Em pânico, comecei outro cântico... Todavia não o terminaria a tempo! Assim que a esfera vermelha chegou bem na minha cara...
“Vis Farank!” gritou Amelia.
Slam! Ouviu-se um som abafado, e Vermelho desapareceu da minha vista no instante seguinte.
Amelia havia reunido poder mágico em suas mãos e deu um soco no orbe. Ele, com razão, não esperava que alguém o socasse diretamente, então recebeu o golpe na hora. O mundo é um lugar grande, entretanto acho que as únicas pessoas que conseguiam espancar um mazoku no soco até a morte com as próprias mãos eram Amelia e seu pai.
Bom, ok, talvez minha irmã mais velha consiga...

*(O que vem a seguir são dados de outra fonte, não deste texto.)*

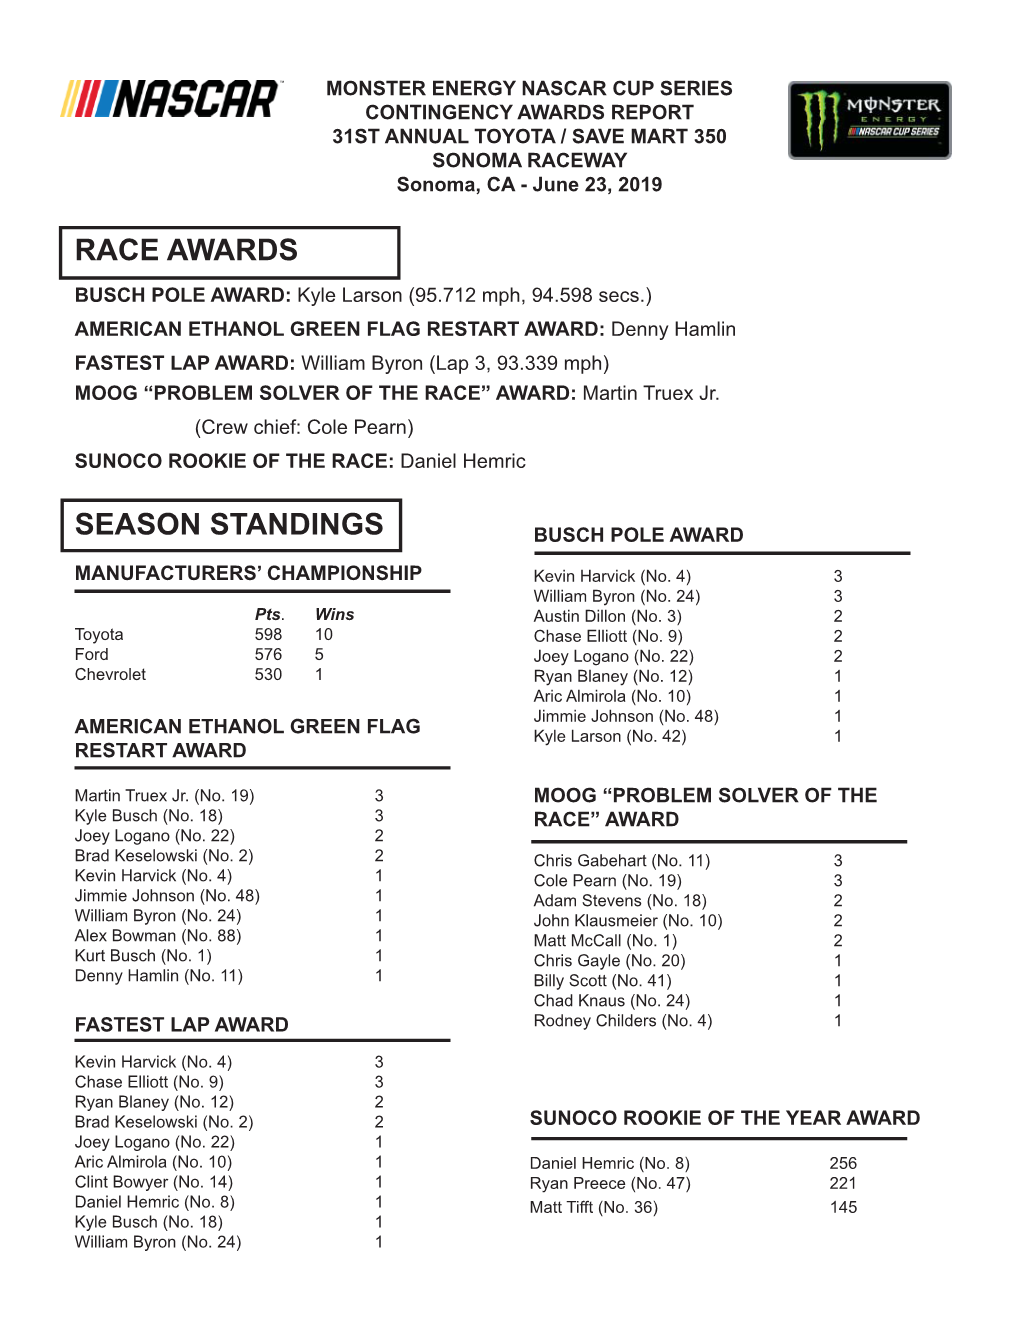 CONTINGENCY AWARDS REPORT 31ST ANNUAL TOYOTA / SAVE MART 350 SONOMA RACEWAY Sonoma, CA - June 23, 2019

Vermelho saiu voando com o golpe, e Amelia perseguiu, socando-o pela segunda vez! Ouvi algo... Kreeeeeee! Talvez um grito. Ambos os orbes emitiram um som de metal vibrando.
Isso significava que eram a mesma entidade, afinal.
Enquanto Amelia continuava batendo no Vermelho, o outro investiu em sua direção e... Vwing! Zelgadis se aproximou e cortou Cinza ao meio com sua espada larga magicamente infundida! E então... Ba-bwoom! Vermelho e Cinza explodiram!
———
“Ugh...” sentei-me com um gemido suave.
Meu corpo doía por todo lugar. Não estava muito machucada, mas devo ter desmaiado por um segundo. Minha cabeça estava um pouco zonza. Também era difícil ouvir; a explosão deve ter estourado meus tímpanos.
Isso mesmo. As esferas explodiram de repente e...
“Amelia! Zel!”
Vasculhei os arredores e vi os dois caídos, após serem jogados contra uma rocha que os havia impedido de voar. Parecia que eu tinha escapado do pior da explosão porque estava mais longe, porém Zel e Amelia quase a levaram à queima-roupa.
Zel tentava se sentar com um gemido de dor, por sua vez Amelia estava completamente imóvel.
Sem chance...
“Amelia?”
Corri até ela em pânico. Peguei seu braço e senti seu pulso... Ótimo. Ainda respirava.
Mas seu estado era péssimo... Usar Recuperação era minha única opção. Uma pena que esgotava a resistência do alvo para curá-lo. Por desgraça, dada a gravidade dos ferimentos de Amelia, era difícil dizer se conseguiria fechar seus ferimentos antes de esgotar sua força. De toda forma, estava claro que não duraria muito em sua condição atual.
Se ao menos eu pudesse usar Ressurreição, que converte a força vital ao redor em poder de cura... Porém não havia sentido em lamentar o que não tinha. Agachei-me ao lado de Amelia e comecei a entoar Recuperação.
“Acho que você não vai conseguir assim.” disse uma voz masculina. Ajoelhando-se ao meu lado agora estava...
“Milgazia, senhor?”
Ainda em forma humana, ele estendeu a mão sobre o corpo de Amelia.
Hru... U... U... Sons que uma voz humana jamais conseguiria reproduzir flutuavam no vento. Pelo que entendi, estava recitando um cântico.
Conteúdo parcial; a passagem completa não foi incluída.